XQuery allows you to create your own functions. This allows query fragments to be reused, and allows code libraries to be developed and reused by other parties. User-defined functions can also make a query more readable by separating out expressions and naming them. For a starter set of user-defined function examples, see http://www.xqueryfunctions.com.
There are many good reasons for user-defined functions, such as:
If you are evaluating the same expression repeatedly, it makes sense to define it as a separate function, and then call it from multiple places. This has the advantage of being written (and maintained) only once. If you want to change the algorithm later—for example, to accept the empty sequence or to fix a bug—you can do it only in one place.

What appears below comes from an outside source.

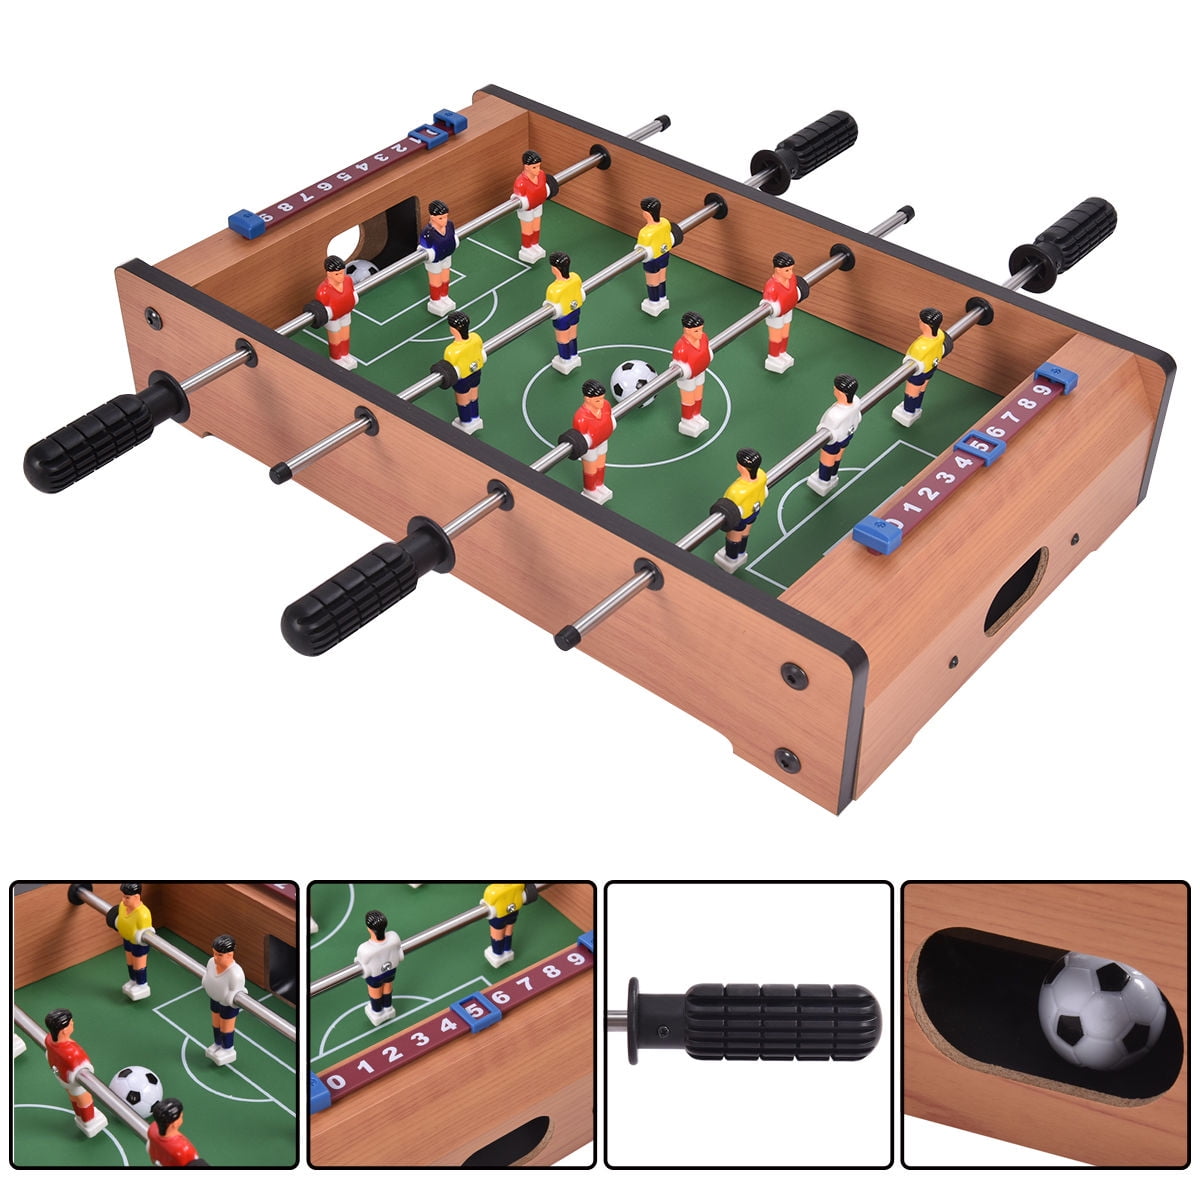 Details about   32mm Mini Soccer Table Foosball Ball Football Indoor Entertainment Game U7H5 
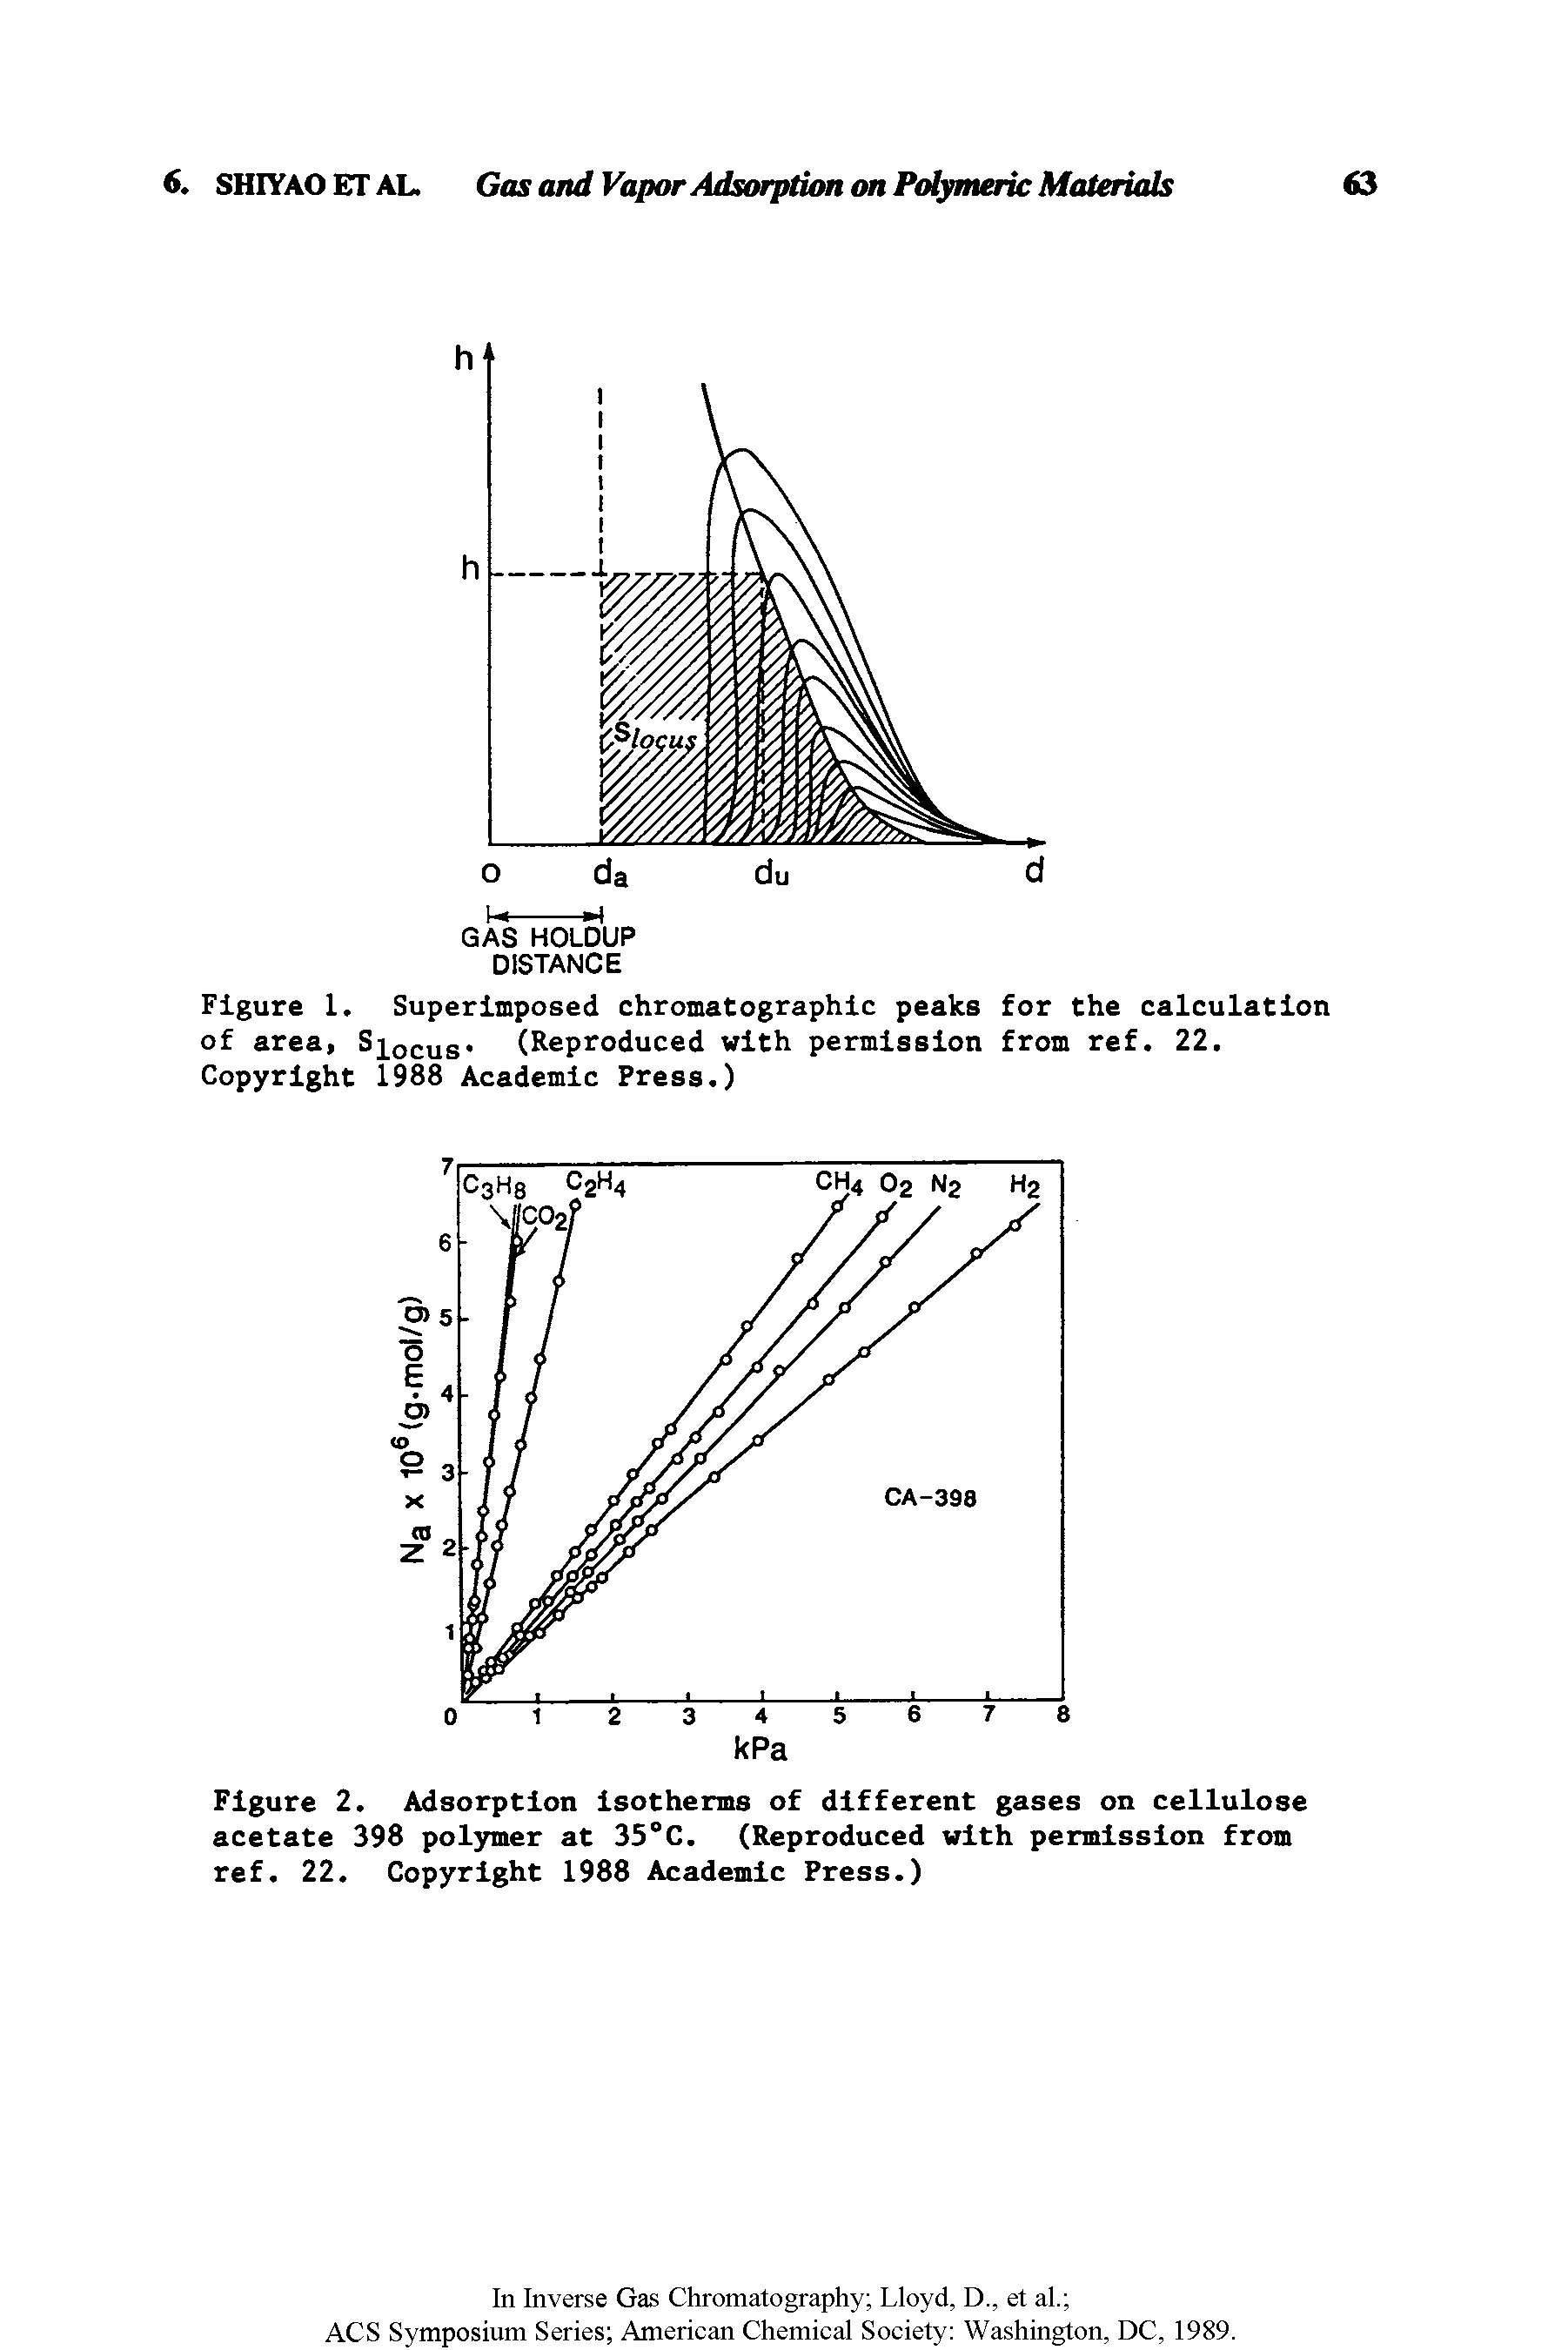 Figure 1. Superimposed chromatographic peaks for the calculation of area, Siocus. (Reproduced with permission from ref. 22. Copyright 1988 Academic Press.)...

Functions make it clearer to the query reader what is going on. Having a function clearly named, with a set of named, typed parameters, serves as a form of documentation. It also physically separates it from the rest of the query, which makes it easier to decipher complex queries with many nested expressions.
It is virtually impossible to implement some algorithms without recursion. For example, if you want to generate a table of contents based on section headers, you can write a recursive function that processes section elements, their children, their grandchildren, and so on.
By encapsulating functionality such as "get all the orders for a product" into a user-defined function, applications become easier to adapt to subsequent schema changes.
The function conversion rules automatically perform some type promotions, casting, and atomization. These type conversions can be performed explicitly in the query, but sometimes it is cleaner simply to call a function.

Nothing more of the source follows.